Predictions for Neutrinoless Double-Beta Decay in the 3+1 Sterile Neutrino Scenario

TL;DR

This paper predicts the effective Majorana mass for neutrinoless double-beta decay in both standard three-neutrino and 3+1 sterile neutrino scenarios, highlighting differences and potential for experimental distinction.

Contribution

It provides accurate predictions of $|m_{\beta\beta}|$ considering uncertainties and introduces a simple method to find the minimum value in N-neutrino mixing scenarios.

Findings

Predictions for $|m_{\beta\beta}|$ differ significantly between 3ν and 3+1 scenarios.

Future experiments can distinguish between the two scenarios if the mass ordering is known.

A simple method is proposed to determine the minimum $|m_{\beta\beta}|$ in N-neutrino mixing.

Abstract

We present accurate predictions of the effective Majorana mass $|m_{\beta\beta}|$ in neutrinoless double-$\beta$ decay in the standard case of $3\nu$ mixing and in the case of 3+1 neutrino mixing indicated by the reactor, Gallium and LSND anomalies. We have taken into account the uncertainties of the neutrino mixing parameters determined by oscillation experiments.

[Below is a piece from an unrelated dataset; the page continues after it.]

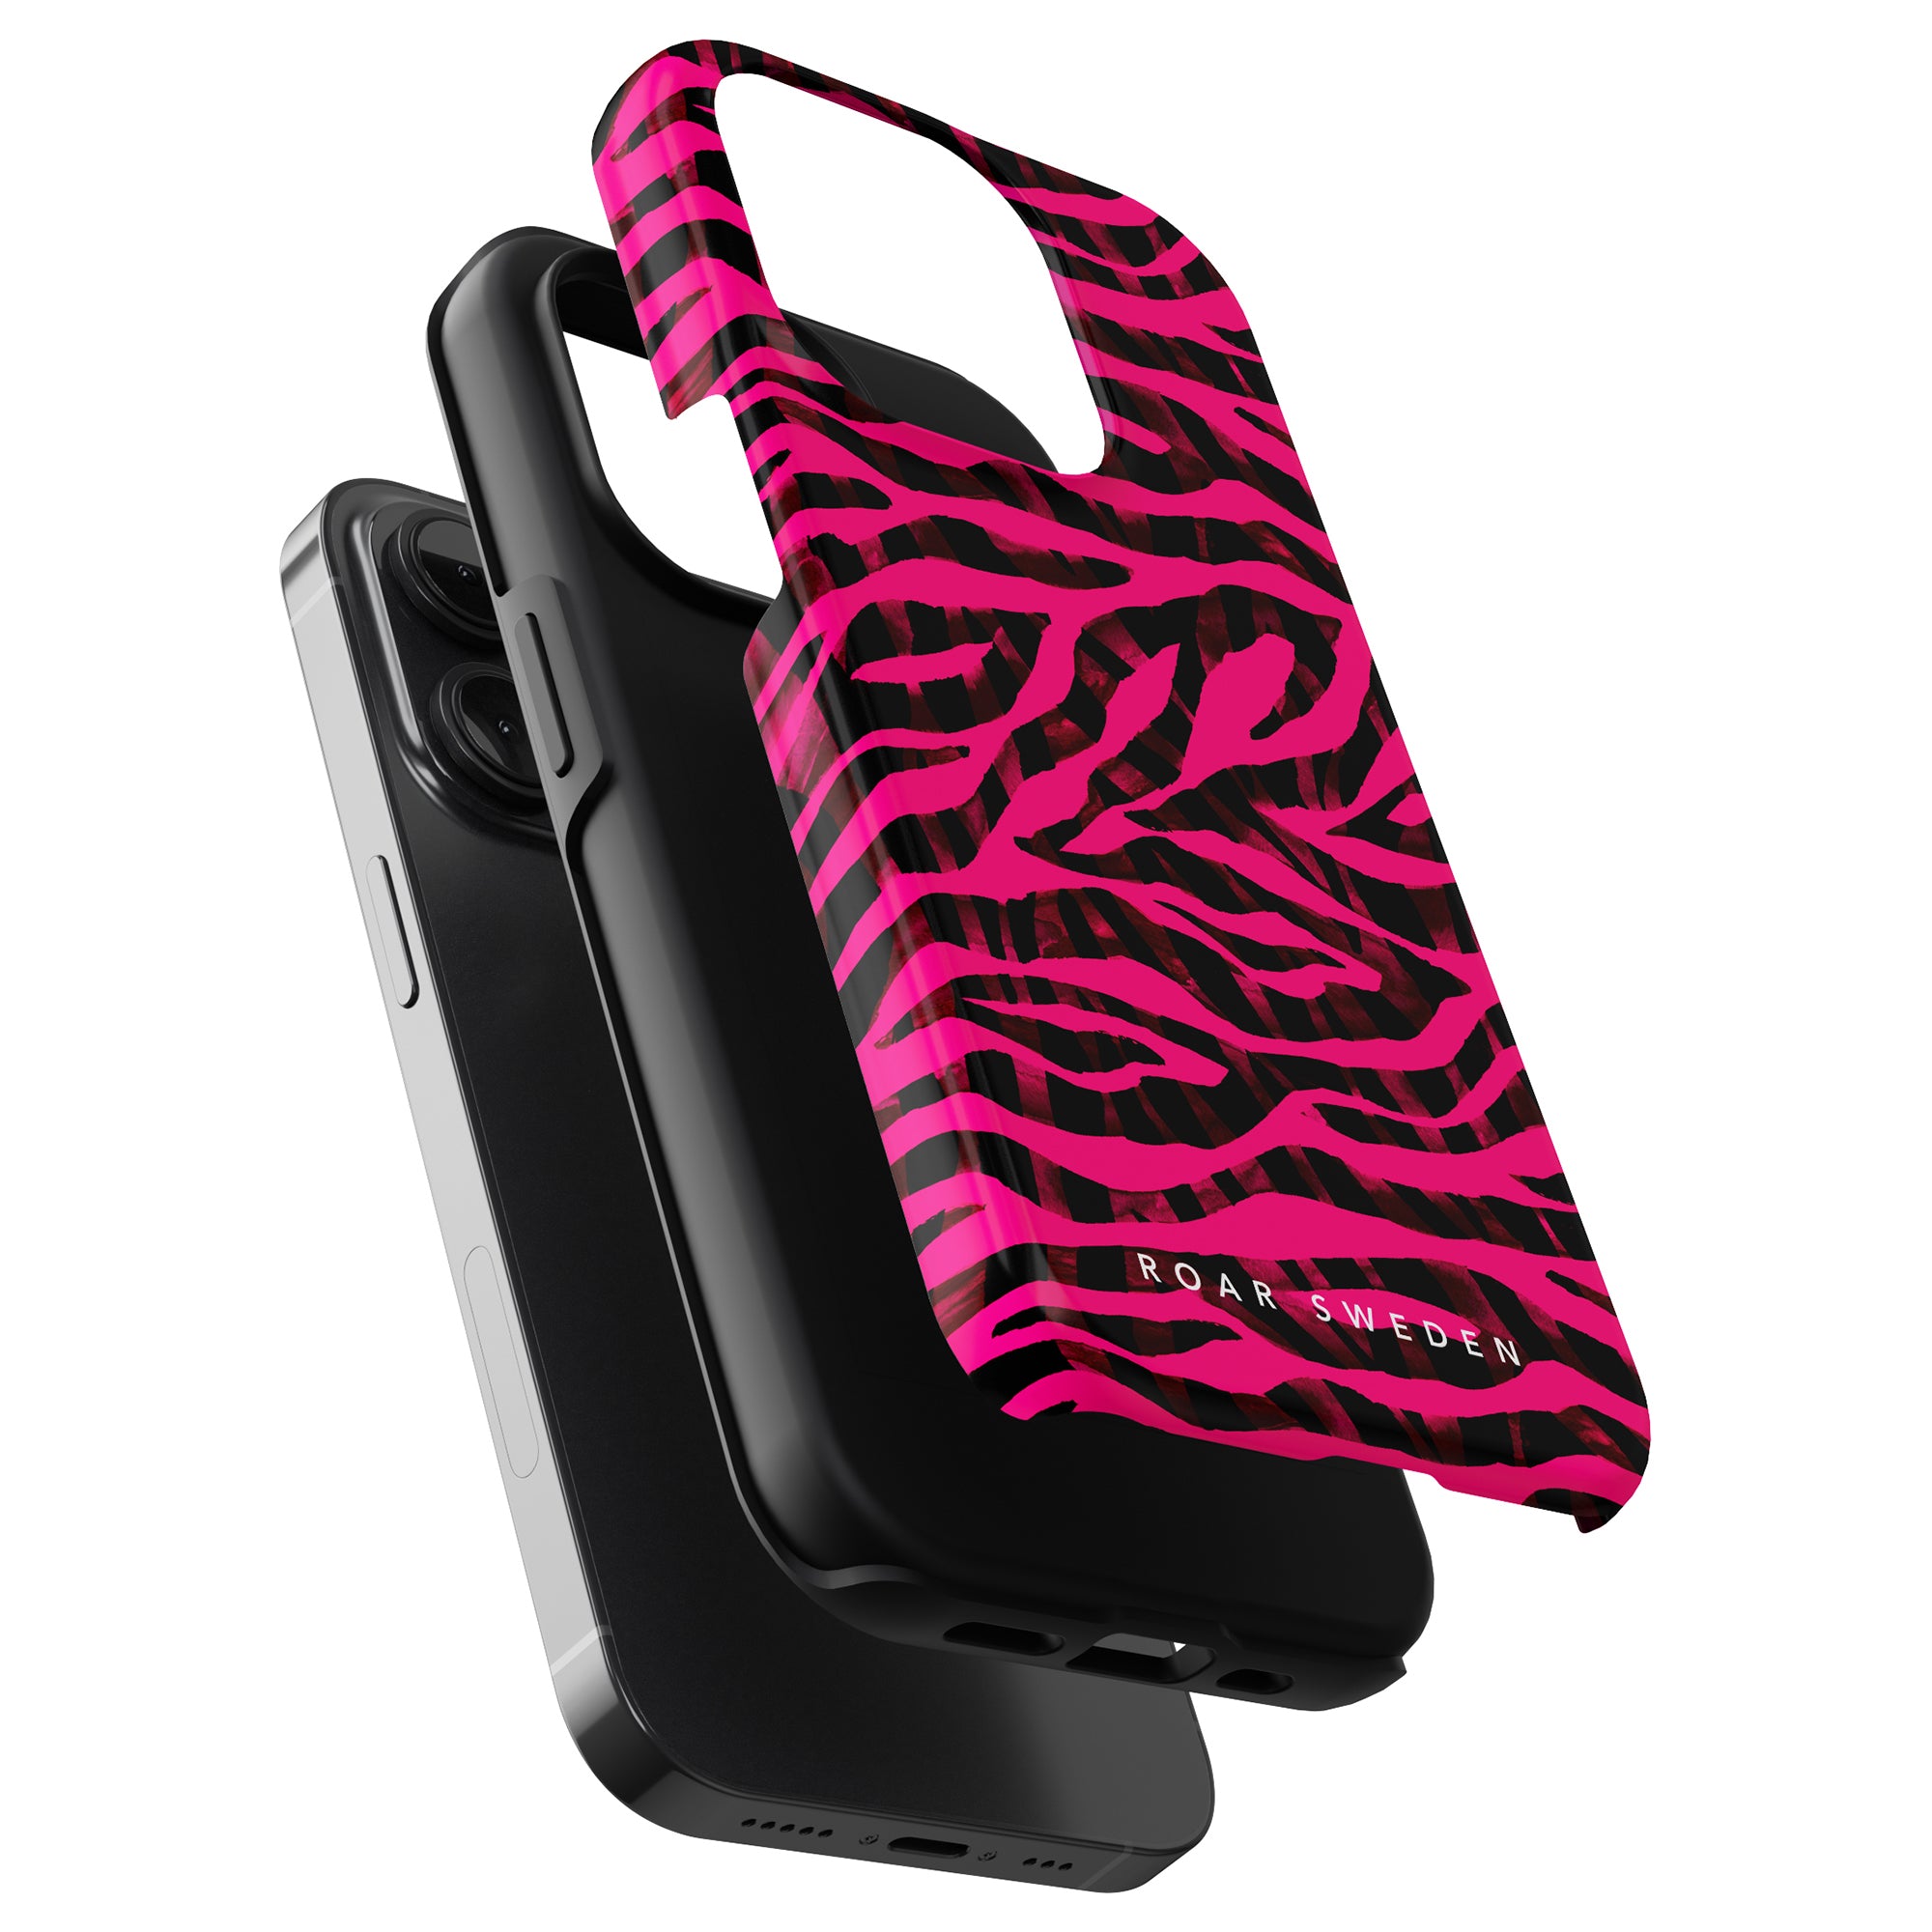 Ett livfullt rosa och intensivt svart fodral med zebratryck designat exklusivt för Pimp Tiger - Tough Case.

It is shown that the predictions for $|m_{\beta\beta}|$ in the cases of $3\nu$ and 3+1 mixing are quite different, in agreement with previous discussions in the literature, and that future measurements of neutrinoless double-$\beta$ decay and of the effective light neutrino mass in $\beta$ decay or the total mass of the three lightest neutrinos in cosmological experiments may distinguish the $3\nu$ and 3+1 cases if the mass ordering is determined by oscillation experiments. We also present a relatively simple method to determine the minimum value of $|m_{\beta\beta}|$ in the general case of $N$-neutrino mixing.